For Pregnant Women, Air Pollution Is Just As Bad As Smoking, Study Warns

After a family member of Dr. Matthew Fuller’s had a miscarriage, the researcher at the University of Utah in Salt Lake City started thinking things over in his mind, particularly as it related to his field of emergency medicine.

The family member’s miscarriage had occurred after that individual had been in an area where air pollution had been particularly bad that year.

“That triggered the question in my mind” of whether pollution played a role in the event, he said, according to a report from the Guardian. “[T]hen I started noticing anecdotally that I was seeing spikes in miscarriage numbers in the emergency department during and after [pollution spikes].”

Fuller is part of a broader team of researchers that sought to find out whether air pollution plays a bigger role in some individuals’ miscarriages. The findings of their study were consistent with previous investigations that said air pollution, particularly from nitrogen dioxide, played a direct part in the number of miscarriages in an overly populated area.

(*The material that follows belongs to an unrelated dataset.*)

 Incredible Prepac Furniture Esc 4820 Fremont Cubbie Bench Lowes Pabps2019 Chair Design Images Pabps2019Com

The team’s research, however, shed new light on the matter: short-term exposure is just as bad as long-term exposure, they discovered.

Being in close proximity to air pollution, even for a short period of time, had detrimental health affects, Fuller explained.

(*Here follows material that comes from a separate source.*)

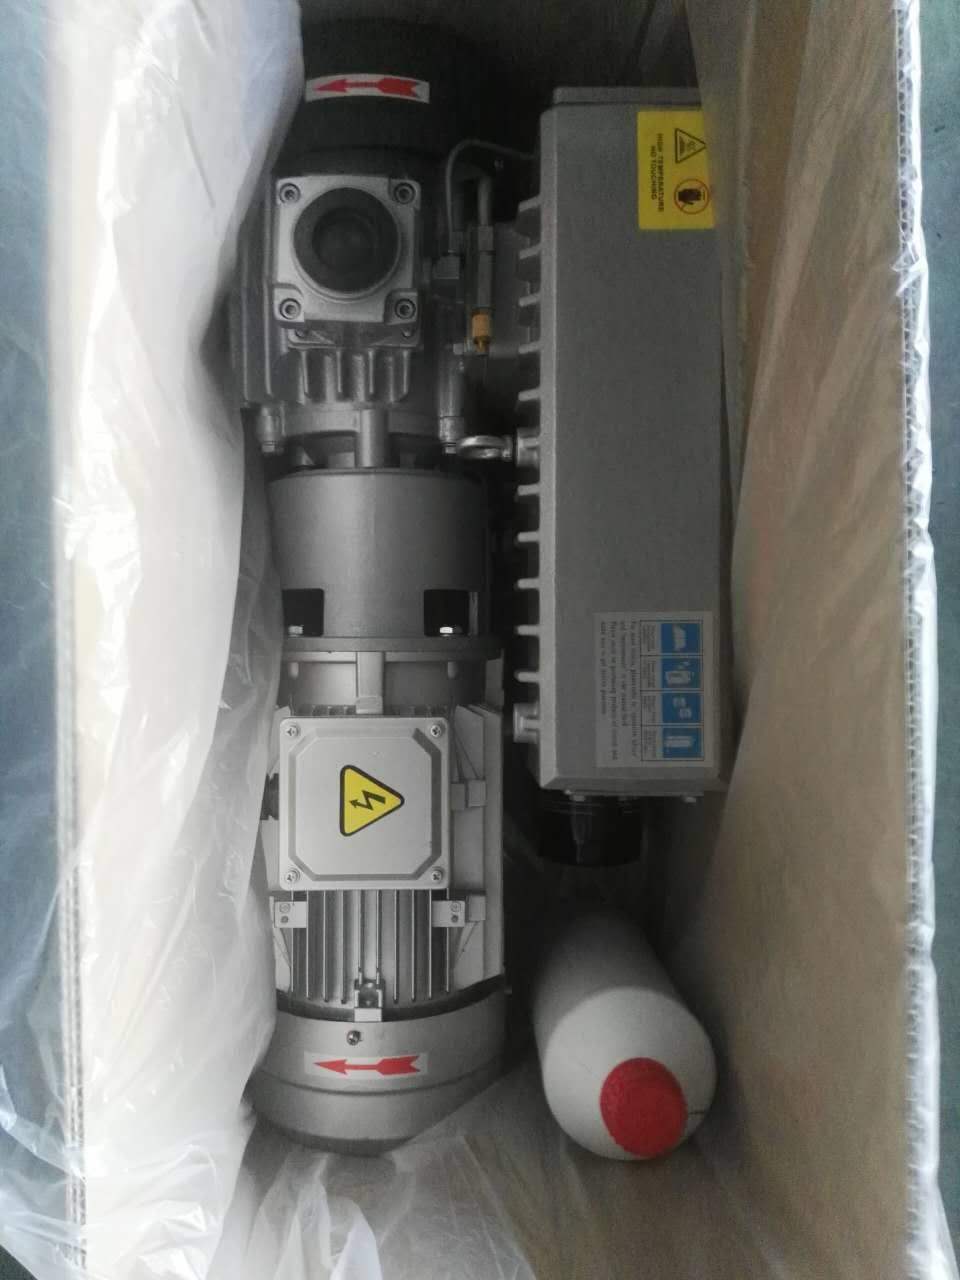 BlueStar XD-040 Rotary Vane Vacuum Pump Vacuum Packaging Machine Vacuum Pump Vacuum Pump (durable, 40m3 / h)  200PA  no oil no oil pump 2660cghi42 w006 long life small vacuum pump

“If you compare that increase in risk to other studies on environmental effects on the fetus, it’s akin to tobacco smoke in first trimester pregnancy loss,” he added.

Nitrogen dioxide was determined to be one of the main factors in determining which pollutants were causing more miscarriages. The chemical is common in the burning of diesel fuel, and thus is found more often in city centers and largely populated areas.

Fuller and his team of researches made suggestions in their study, including the goal of decreasing toxic chemicals into the atmosphere itself.

Beyond that, Fuller made a few more suggestions that pregnant women could undertake, including staying in the house and not exerting themselves on days when pollution levels were higher. Women could also buy indoor air filters while they’re inside on these days.

“But in the developing world these are luxuries many people can’t afford,” he added.

Air pollution is a problem that prematurely ends the lives of millions around the world each year. More than 4.2 million people die each year due to the effects of outdoor air pollution, according to statistics compiled by the World Health Organization. Another 3.8 million die from the effects of indoor air pollutants.